Directions for this task:
At the line containing "Nike Air Max", begin an exact copy of the lines below and continue through the final one, with no pictures.

Exercise data:
━━━━

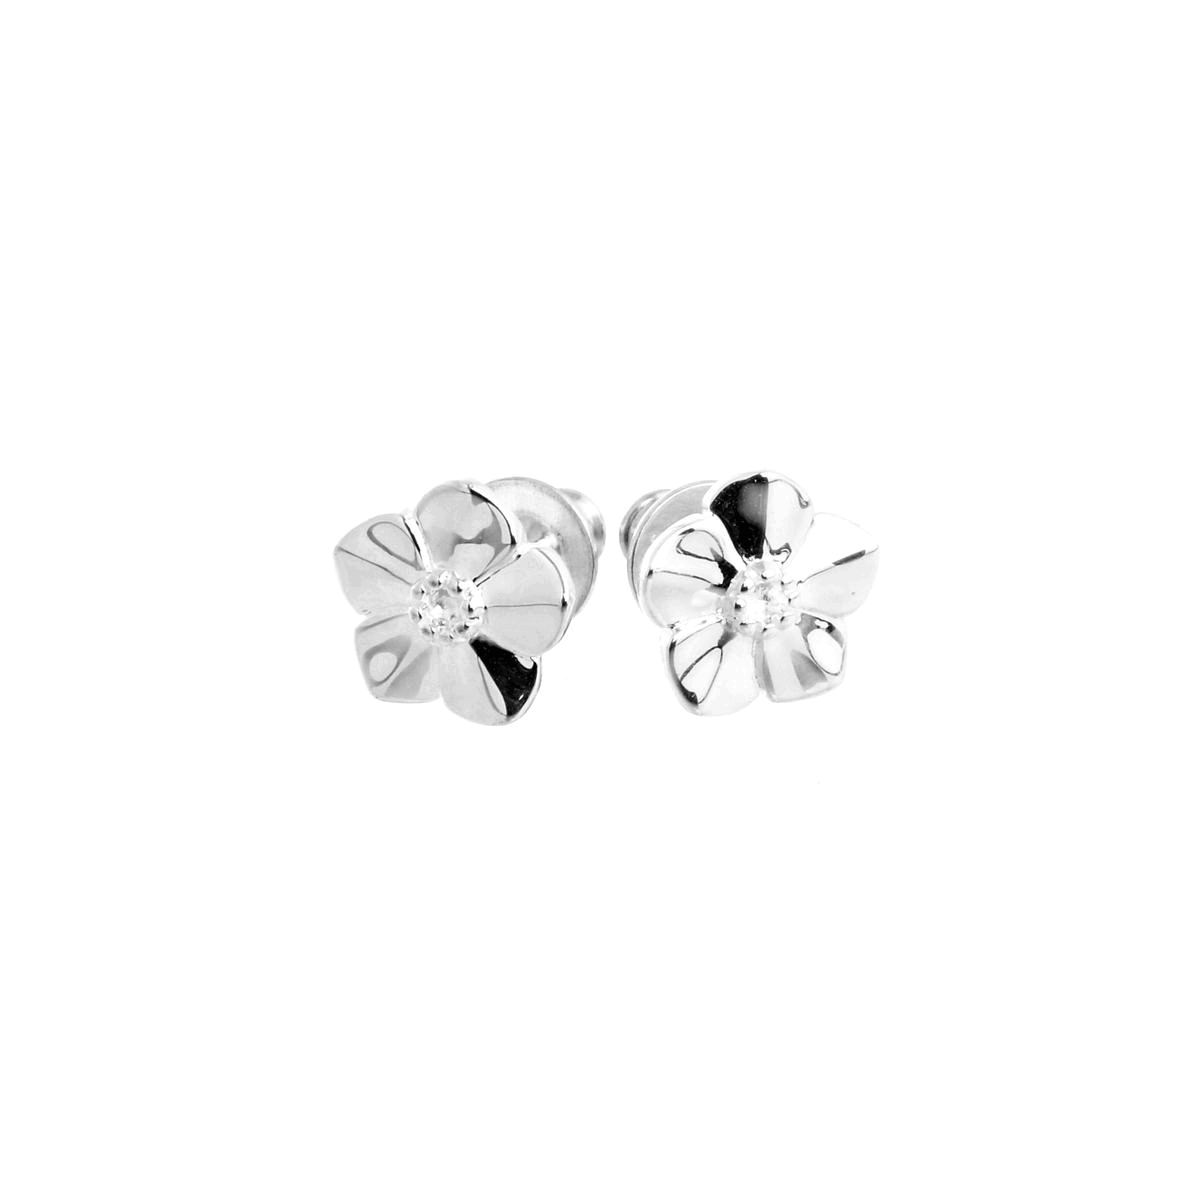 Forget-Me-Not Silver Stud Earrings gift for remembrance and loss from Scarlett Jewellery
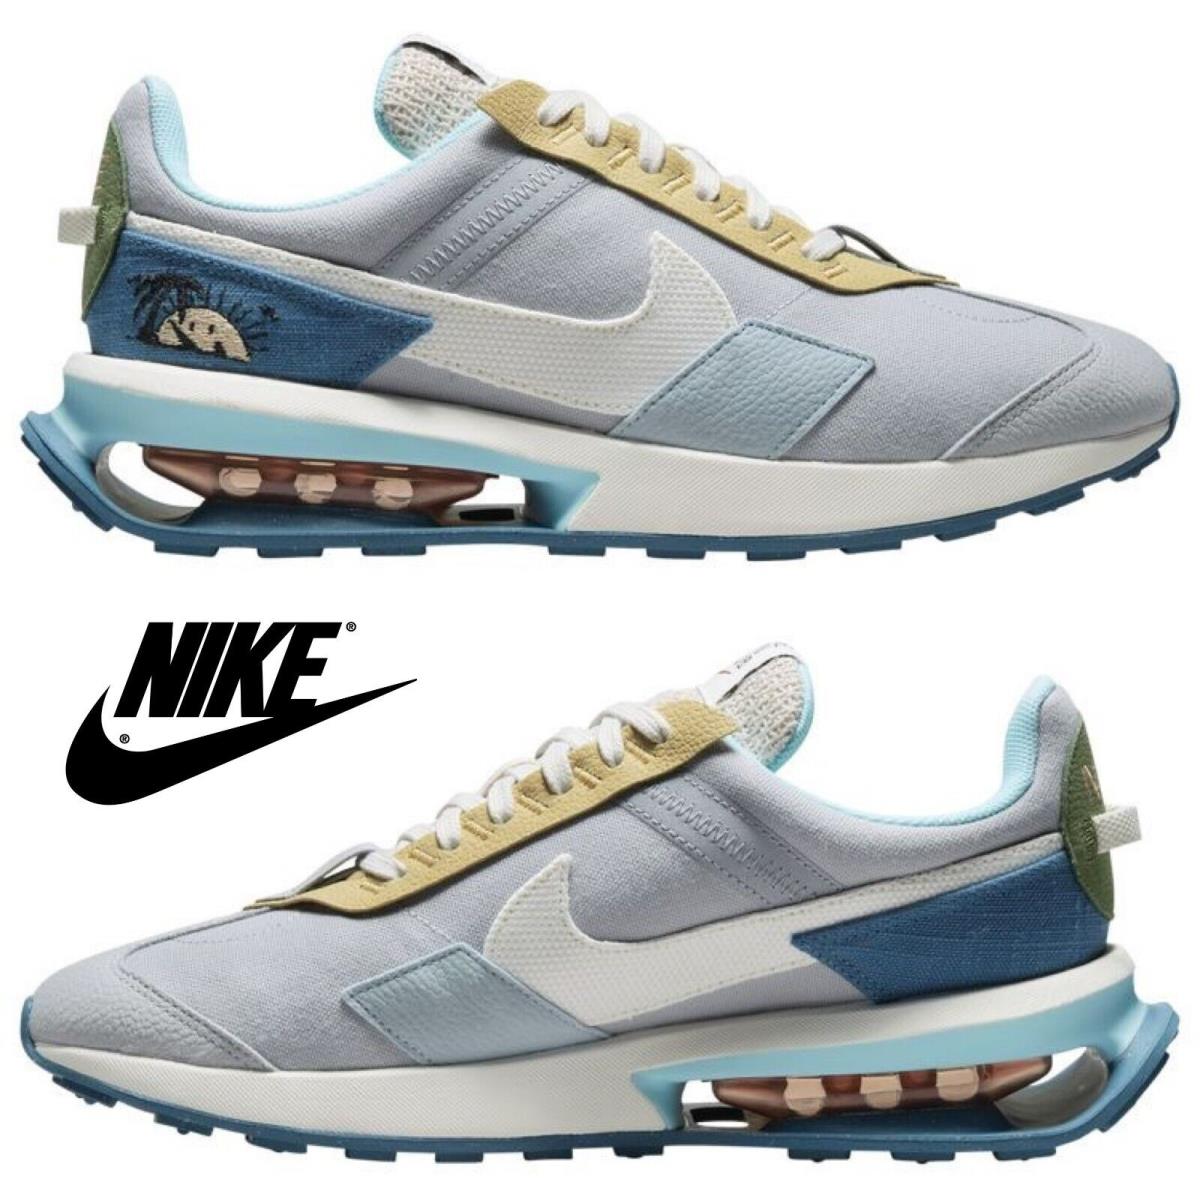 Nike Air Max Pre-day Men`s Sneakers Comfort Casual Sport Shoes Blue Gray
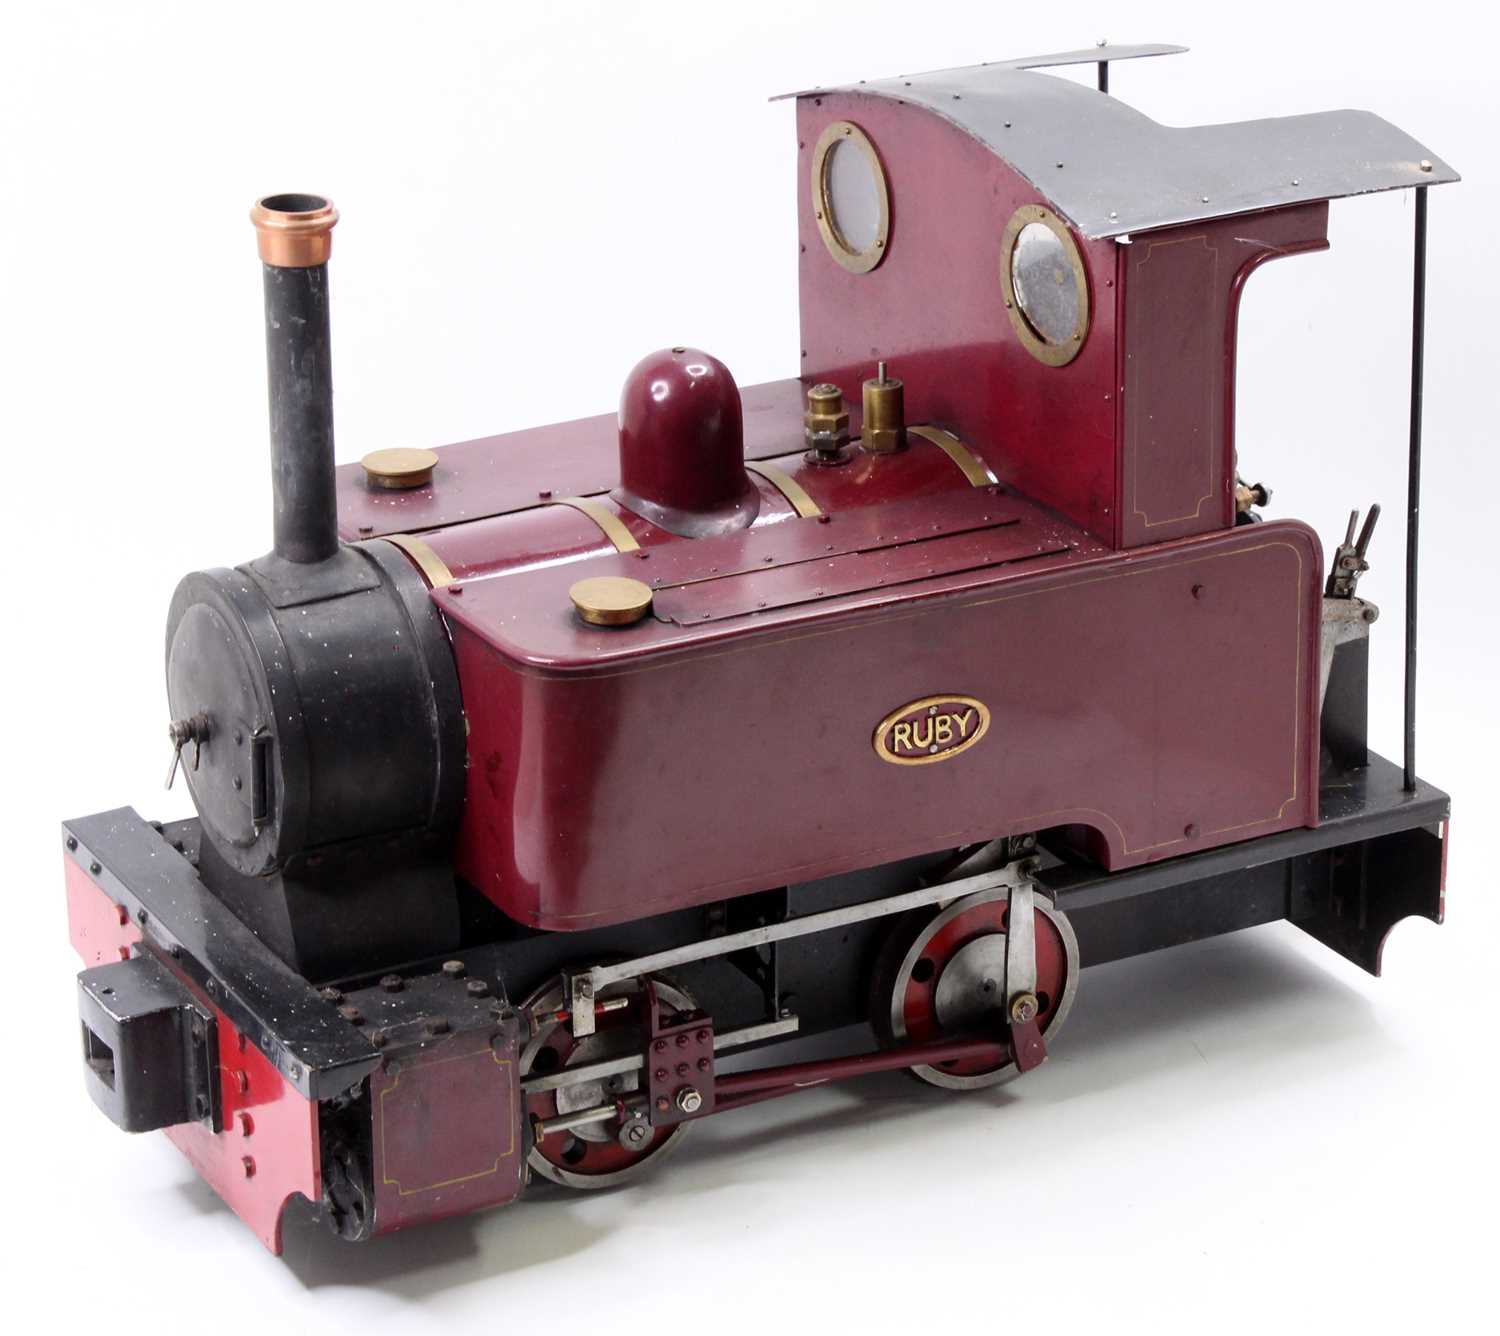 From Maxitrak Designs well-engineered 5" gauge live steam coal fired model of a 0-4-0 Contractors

━━━━

Your response:
 Nike Air Max Pre-day Men`s Sneakers Comfort Casual Sport Shoes Blue Gray
 From Maxitrak Designs well-engineered 5" gauge live steam coal fired model of a 0-4-0 Contractors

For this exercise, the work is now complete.